Your GET /posts resolver loads each post’s author with a separate query. It sailed through review and the demo, because the demo had three posts. In production a feed renders 50 posts, the resolver fires 51 queries, and the database connection pool is on fire by 9am. The AI wrote exactly what you asked for — it just didn’t know your access pattern, because the prompt never told it.

AI is genuinely fast at API work: spec-to-code, validation, error middleware, contract tests. But “fast” turns into “on fire in prod” when you let it improvise the shape of the system. The reliable workflow is spec-first: pin the contract (OpenAPI, GraphQL schema, or proto), make the AI generate against it, and let your tests — not the demo — decide when it’s done.

  • A spec-first loop where the contract drives generation, so the implementation can’t silently drift
  • Copy-paste prompts that name the stack (Express + TypeScript + Zod + Vitest, Pact for contracts, k6 for load) instead of leaving [placeholder] brackets
  • The Cursor / Claude Code / Codex variant for spec-to-code, CI contract runs, and SDK regeneration
  • The failure modes that bite AI-generated APIs: spec drift, N+1 resolvers, missing pagination cursors, auth middleware ordering
  1. Pin the contract.
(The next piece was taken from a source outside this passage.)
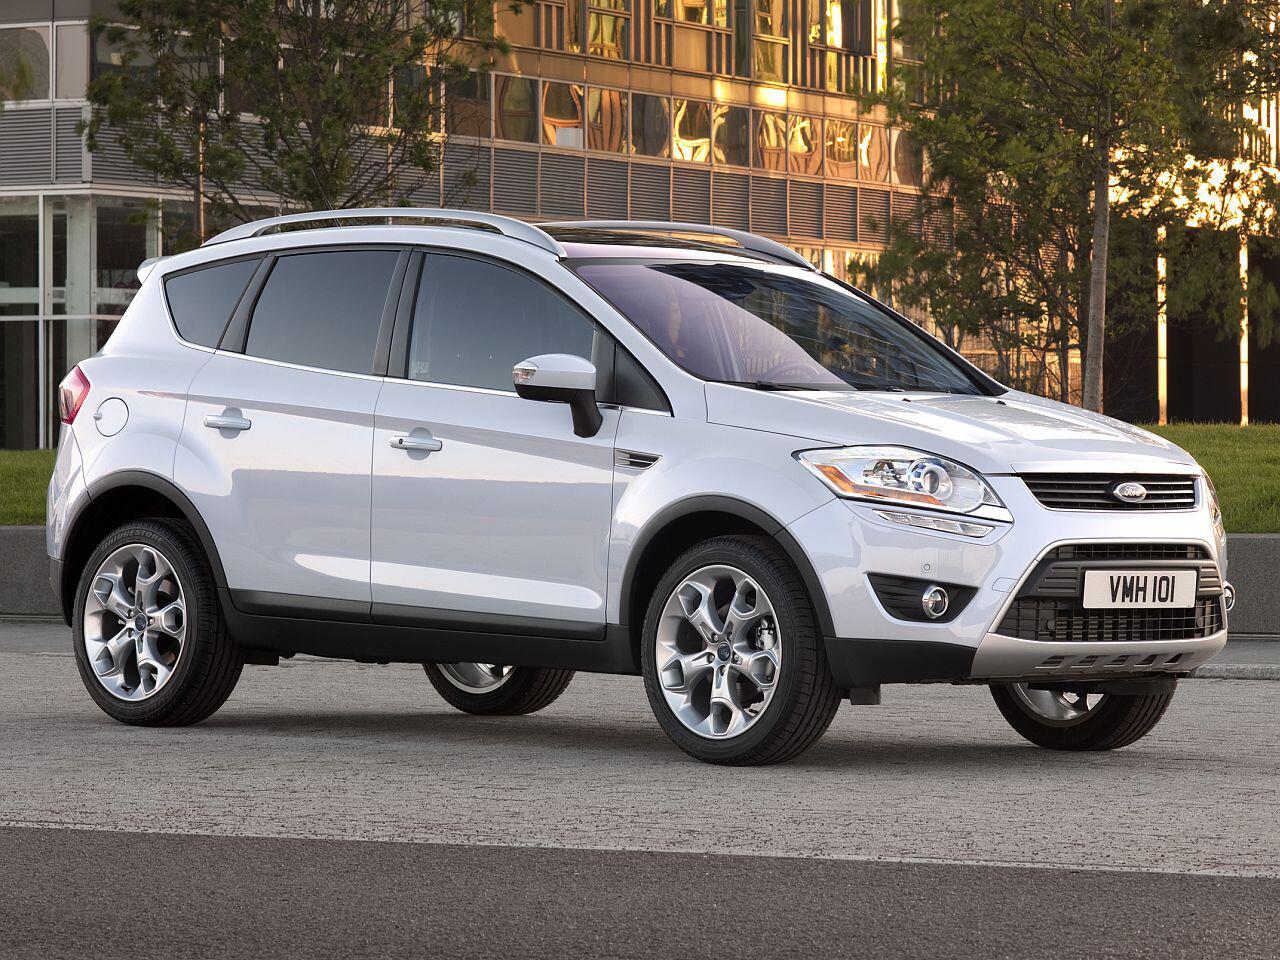 Bild zu 3. Platz: Ford Kuga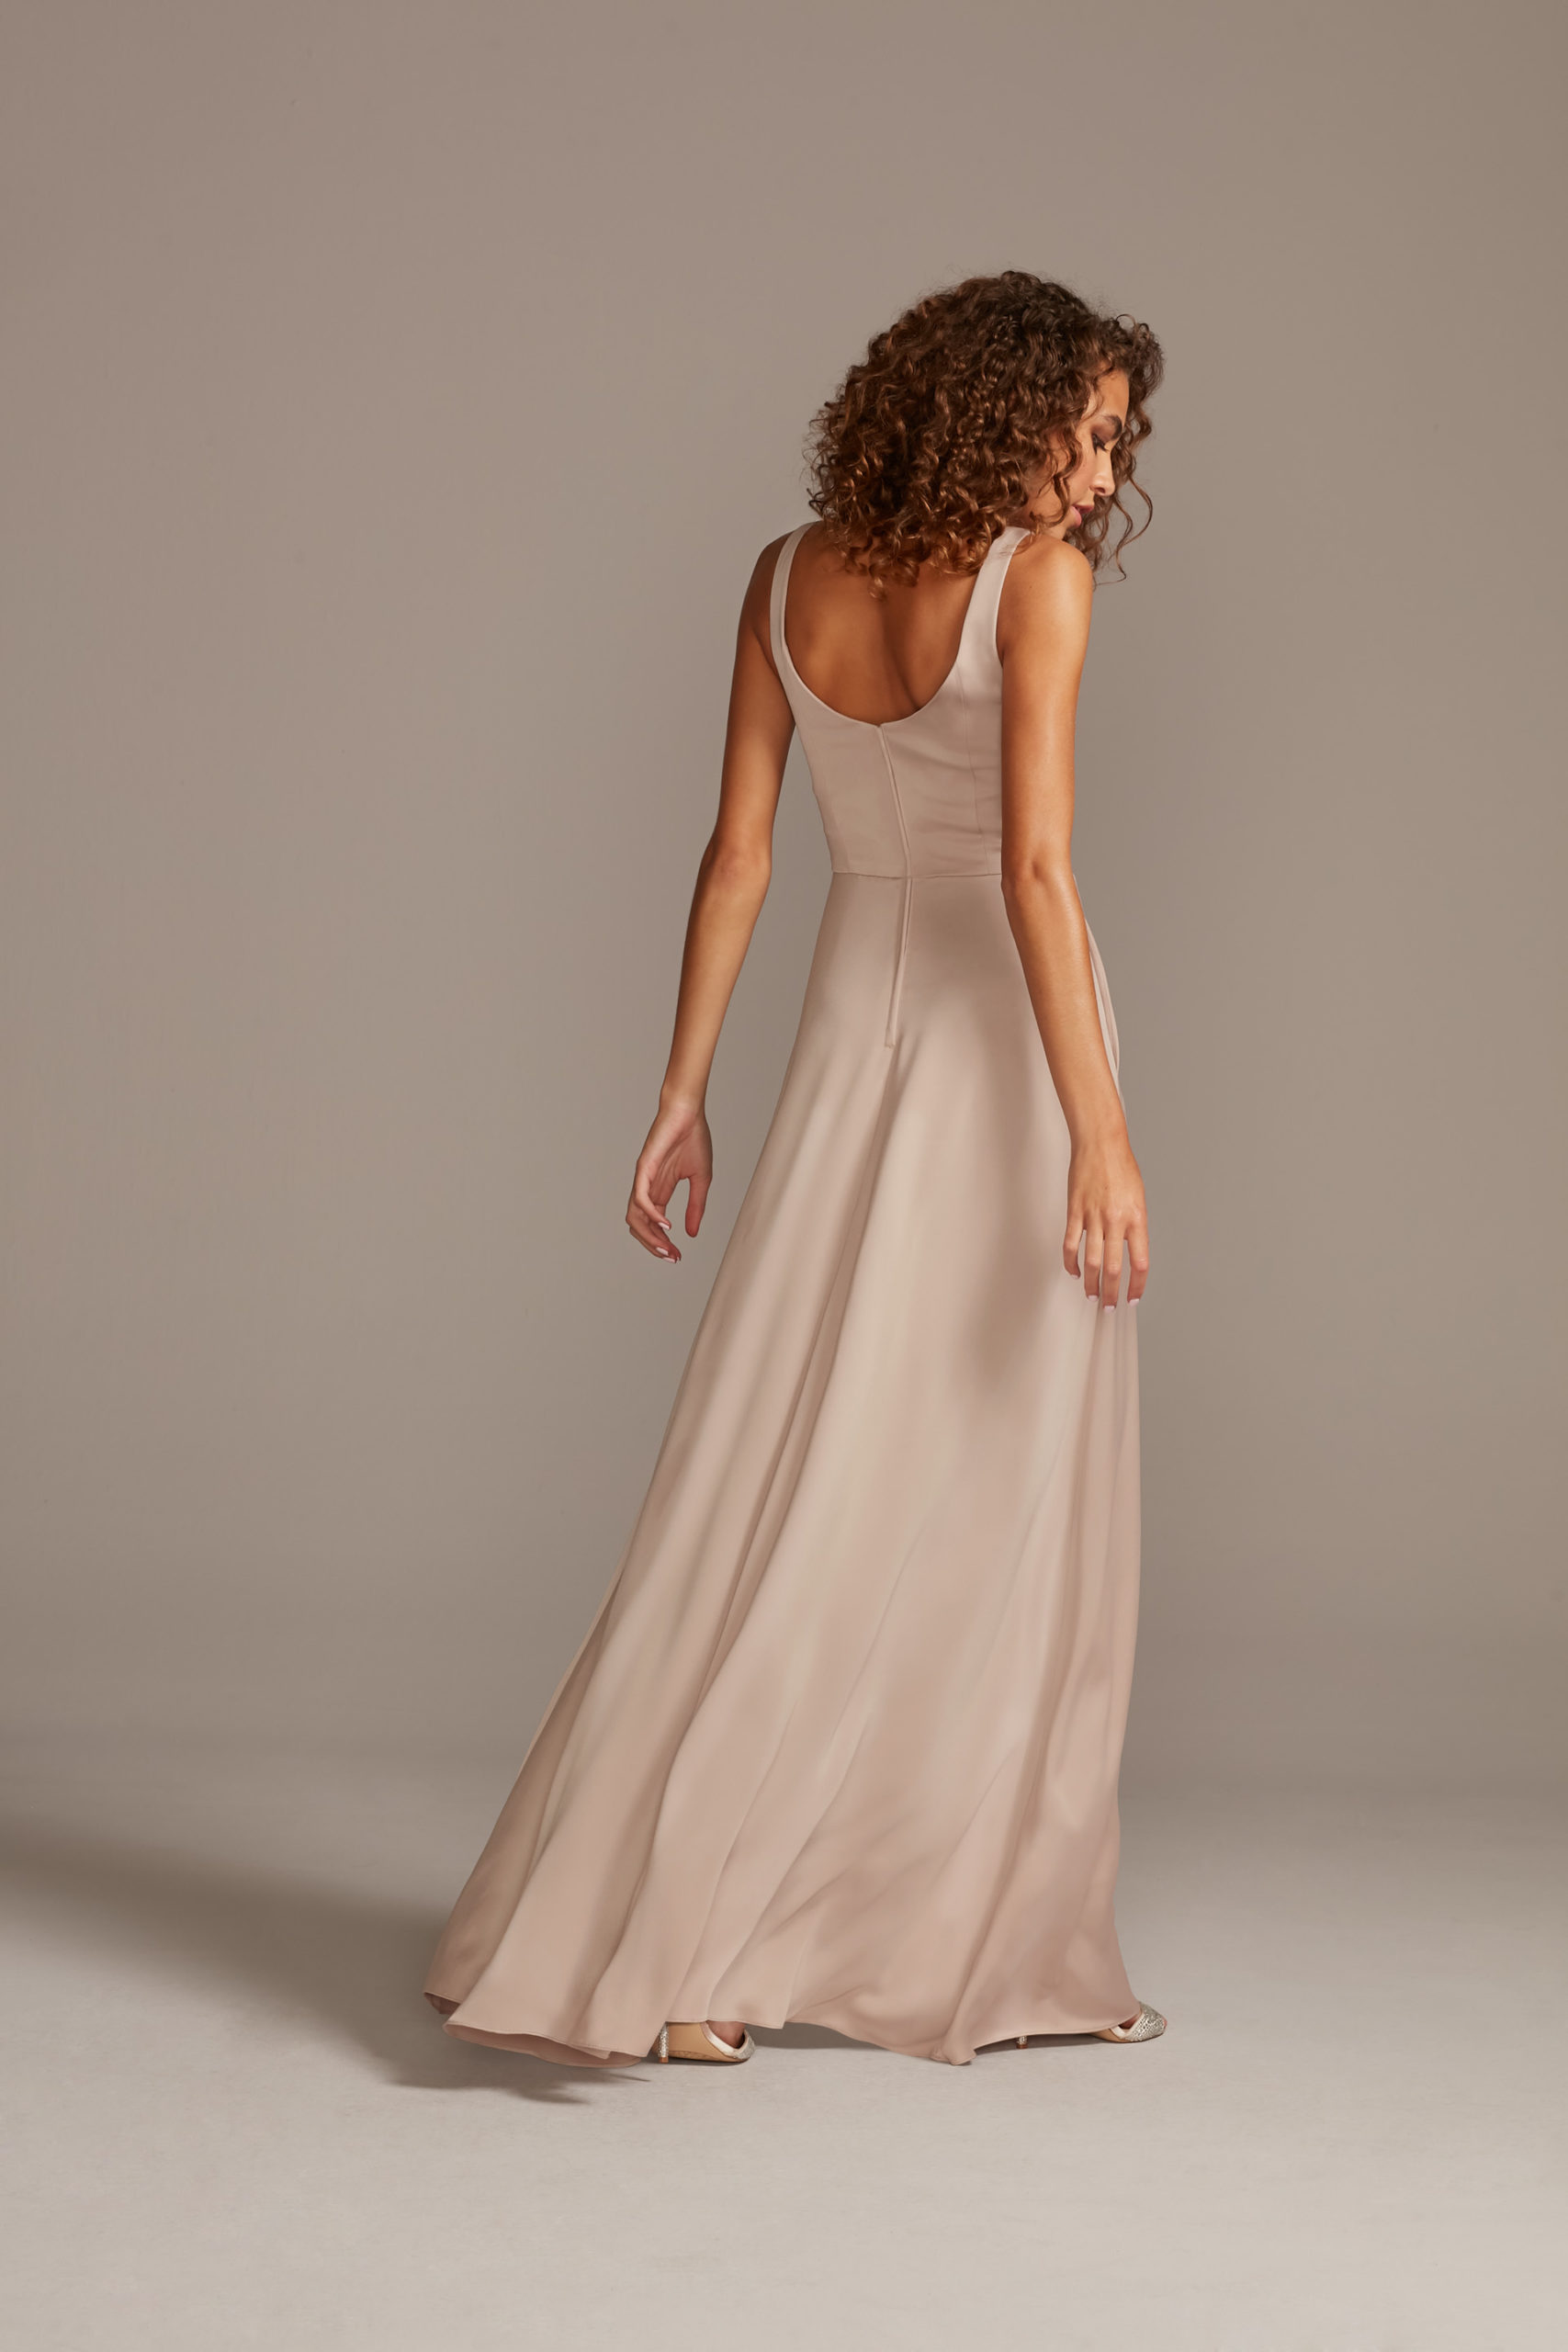 Scoop Neck Satin Bridesmaid Dress

Generate the OpenAPI spec, GraphQL schema, or proto file first and review it as a human. This is the artifact everything else is checked against.

  2. Generate against the contract. Point the agent at the spec file and ask it to implement endpoints/resolvers with validation and error handling — not to invent the API as it goes.

  3. Lock behavior with tests. Generate unit, integration, and contract tests. Make the response shapes in the tests match the handlers exactly, then run them in CI.

  4. Regenerate clients. Re-run the SDK generator from the (now authoritative) spec so consumers stay in lockstep with the server.

Whatever the protocol, get the AI to produce the contract before any implementation. Be specific about the maturity and conventions you want.

The AI returns a spec you can review and version. A trimmed slice of what to expect:

paths:
/tasks:
get:
summary: List tasks
parameters:
- { name: status, in: query, schema: { type: string, enum: [todo, in_progress, done] } }
- { name: limit, in: query, schema: { type: integer, default: 20, maximum: 100 } }
- { name: cursor, in: query, schema: { type: string } }
responses:
'200':
description: Paginated task list
content:
application/json:
schema: { $ref: '#/components/schemas/TaskList' }

For GraphQL, ask for the schema with the connection types and subscriptions spelled out; for gRPC, ask for the .proto with streaming RPCs and field masks. The discipline is the same: contract first, review, then implement.

Generate the implementation against the spec

Section titled “Generate the implementation against the spec”

Now point the agent at the spec and name the stack. The response shape it returns must match what your tests will assert — drift here is the number-one source of “passes locally, 500s in CI.”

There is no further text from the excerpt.